**What you will do**
Any pictures in the records below must be left out when you repeat the lines from the line containing "Plug-in grant for" through the line containing "Graph showing proportion" exactly.

**Materials provided**
=== Section Start ===

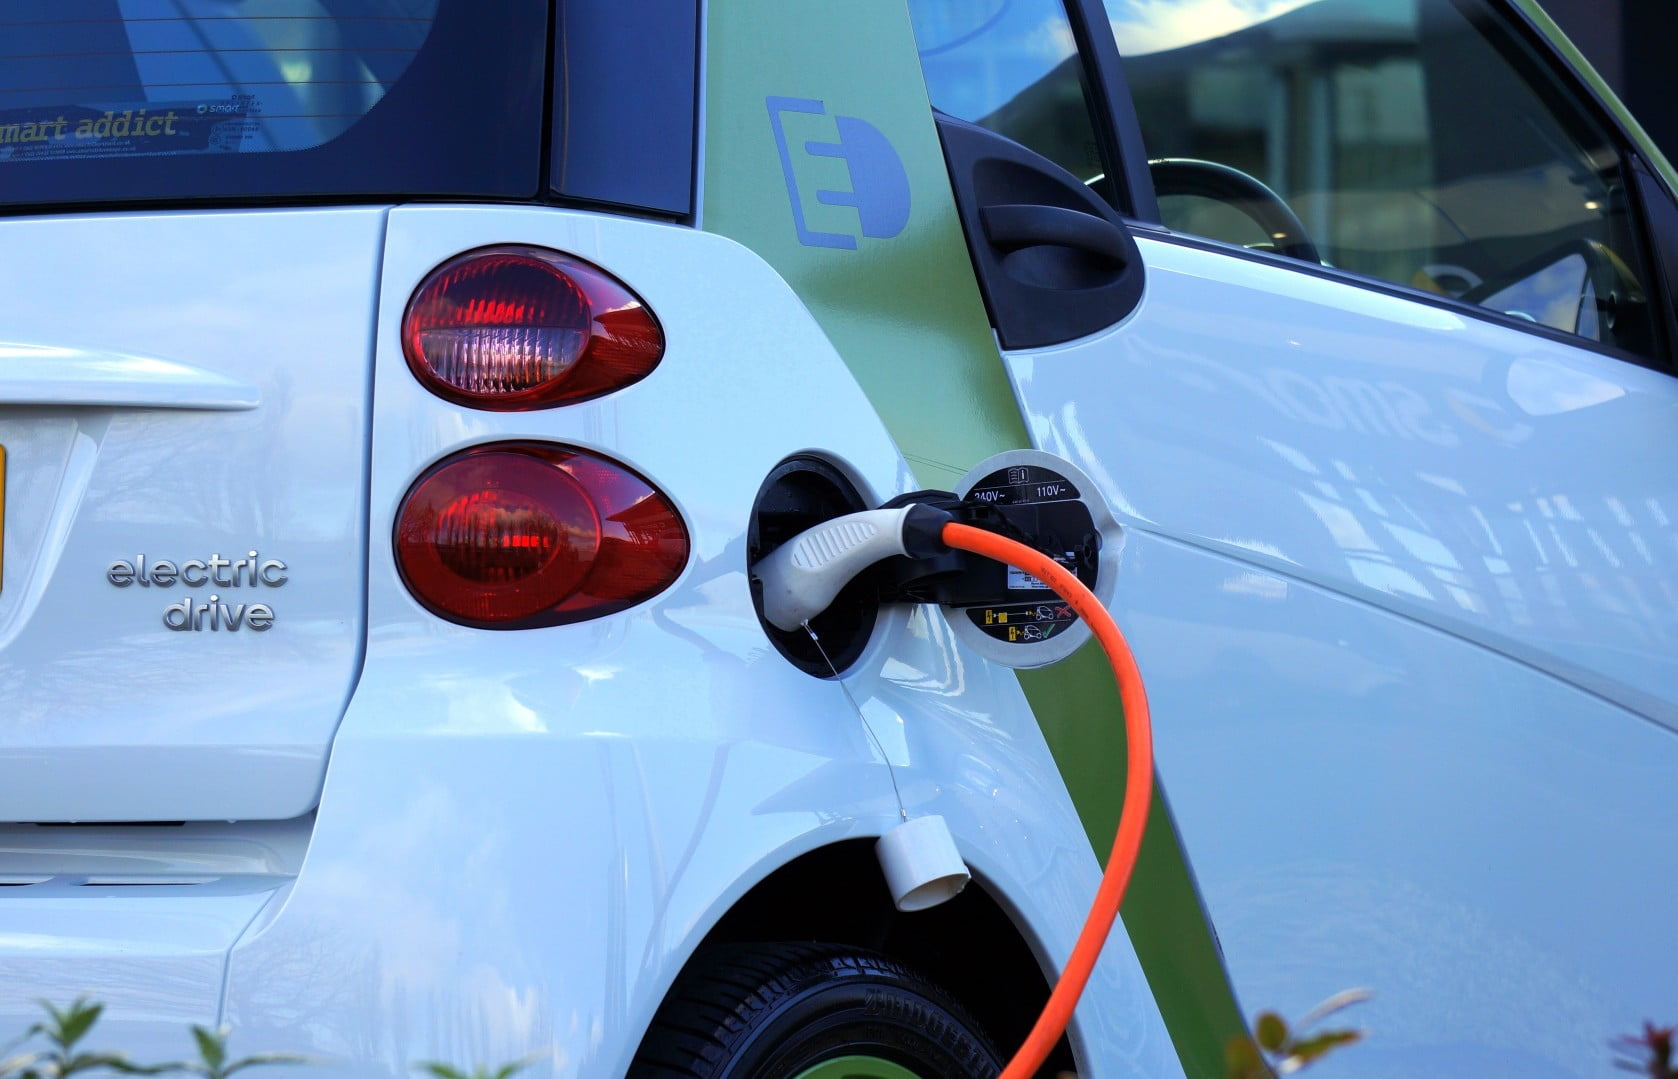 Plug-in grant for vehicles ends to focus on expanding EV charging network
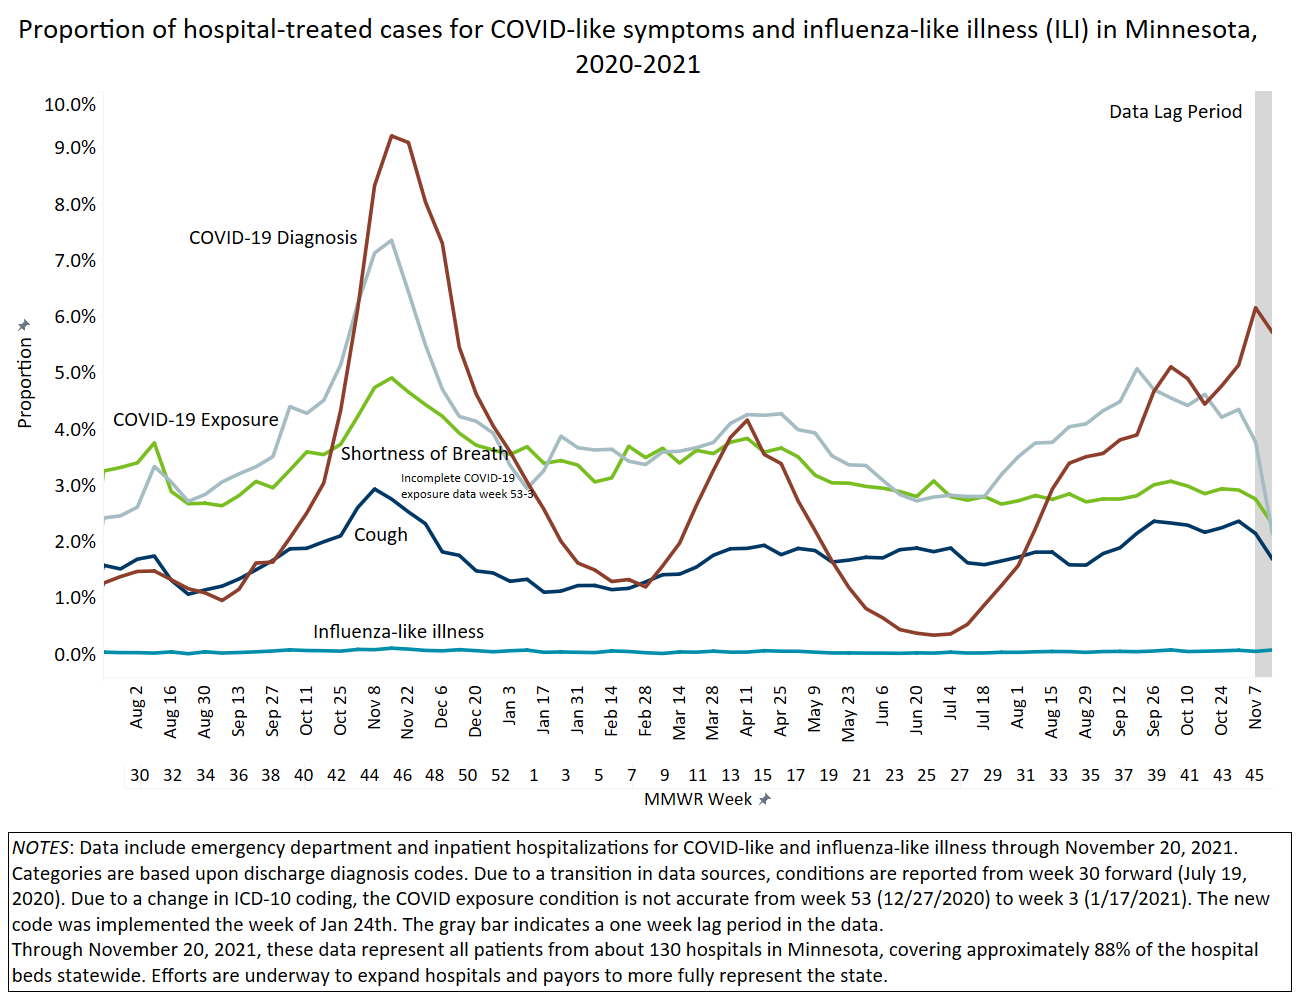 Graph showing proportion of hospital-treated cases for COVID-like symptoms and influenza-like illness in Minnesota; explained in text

=== Section End ===
=== Section Start ===

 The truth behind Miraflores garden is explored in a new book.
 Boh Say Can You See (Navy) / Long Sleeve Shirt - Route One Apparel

=== Section End ===

**Output for this task**
 Plug-in grant for vehicles ends to focus on expanding EV charging network
 Graph showing proportion of hospital-treated cases for COVID-like symptoms and influenza-like illness in Minnesota; explained in text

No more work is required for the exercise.